Sequence and embryonic expression of the amphioxus engrailed gene (AmphiEn): the metameric pattern of transcription resembles that of its segment-polarity homolog in Drosophila
- PMID: 9165120
- DOI: 10.1242/dev.124.9.1723
Sequence and embryonic expression of the amphioxus engrailed gene (AmphiEn): the metameric pattern of transcription resembles that of its segment-polarity homolog in Drosophila
Abstract
Vertebrate segmentation has been proposed as an evolutionary inheritance either from some metameric protostome or from a more closely related deuterostome. To address this question, we studied the developmental expression of AmphiEn, the engrailed gene of amphioxus, the closest living invertebrate relative of the vertebrates. In neurula embryos of amphioxus, AmphiEn is expressed along the anteroposterior axis as metameric stripes, each located in the posterior part of a nascent or newly formed segment. This pattern resembles the expression stripes of the segment-polarity gene engrailed, which has a key role in establishing and maintaining the metameres in embryos of Drosophila and other metameric protostomes. Later, amphioxus embryos express AmphiEn in non-metameric patterns - transiently in the embryonic ectoderm and dorsal nerve cord. Nerve cord expression occurs in a few cells approximately midway along the rostrocaudal axis and also in a conspicuous group of anterior cells in the cerebral vesicle at a level previously identified as corresponding to the vertebrate diencephalon. Compared to vertebrate engrailed expression at the midbrain/hindbrain boundary, AmphiEn expression in the cerebral vesicle is relatively late.
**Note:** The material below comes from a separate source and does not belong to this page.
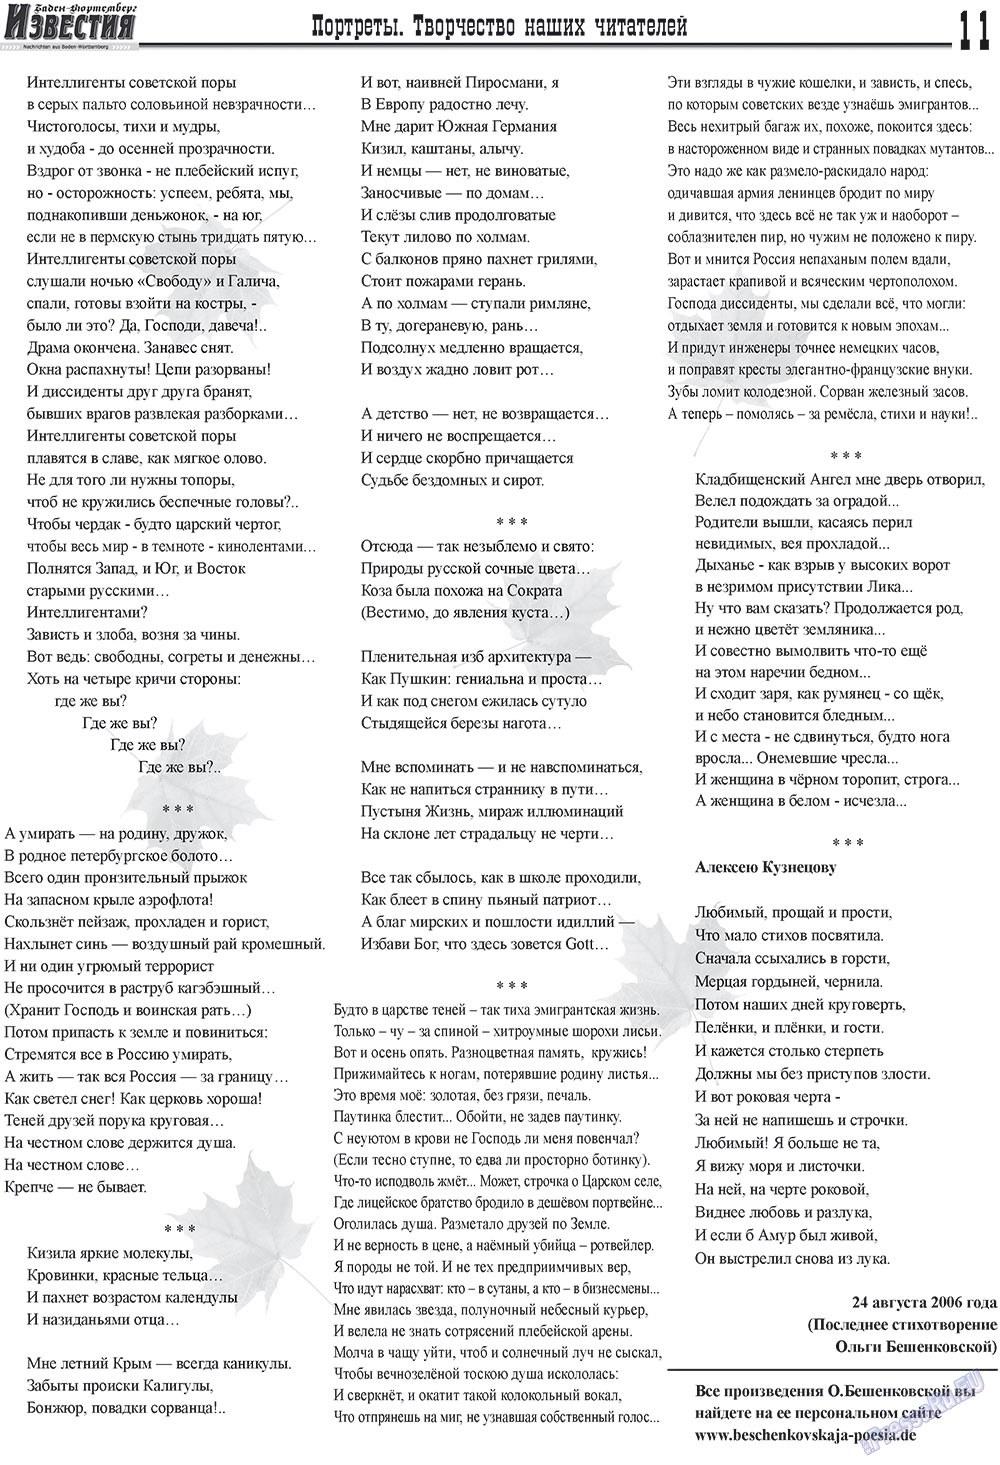 Известия BW (газета). 2009 год, номер 8, стр. 11

Thus, it is uncertain whether the cerebral vesicle expression marks the rostral end of the amphioxus hindbrain; if it does, then amphioxus may have little or no homolog of the vertebrate midbrain. The segmental expression of AmphiEn in forming somites suggests that the functions of engrailed homologs in establishing and maintaining a metameric body plan may have arisen only once during animal evolution. If so, the protostomes and deuterostomes probably shared a common segmented ancestor.